I try to learn (flat-, FASM-) Assembly currently.
For to become more familiar with the concept of branching I made a tiny program. Inspired by an exercise I had to do once in school when learning PHP.
"Write a program which takes an integer given by the user. The program then calculates and prints the square numbers from 1 to the given number."
Here my source code. I have added comments in the code.
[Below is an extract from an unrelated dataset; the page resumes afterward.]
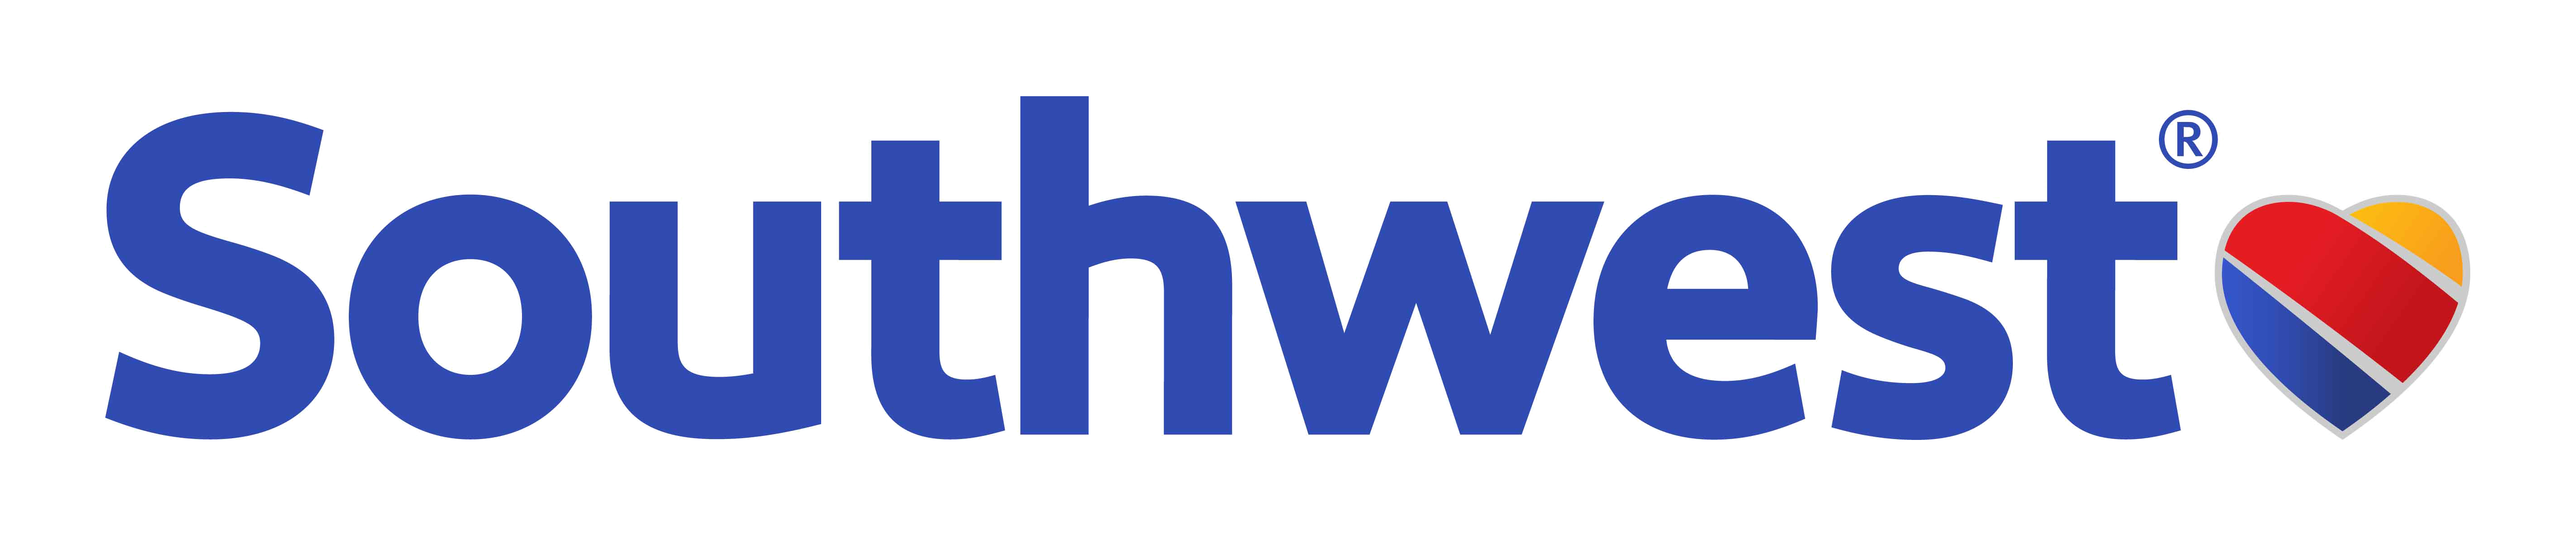 Download Southwest Airlines Logo PNG Image For Free

Trying to explain my thoughts and motivations.
format PE console
entry start
include 'win32a.inc'
; ===========================================
; = Displays the square number from 1 until =
; = number n. n is given by the user. =
; = @param [ integer ] n - The upper =
; = limit. The last integer to calculate =
; = the square number of. =
; ===========================================
; - Example --------------------------------
; 100 // User have entered 100.
; 1
; 4
; 9
; 10 // 16 in base 10
; 19 // 25 in base 10
; 24 // 36 in base 10
; 31 // ...
; 40
; 51
; 64
; 79
section '.text' code readable executable
start:
call read_hex ; Provided by teacher. Reads in a hexadecimal number from stdin.
mov ecx, eax
mov ebx, 1 ; First number ...
cmp eax, 1000000 ; When the number received is smaller the upper limit ...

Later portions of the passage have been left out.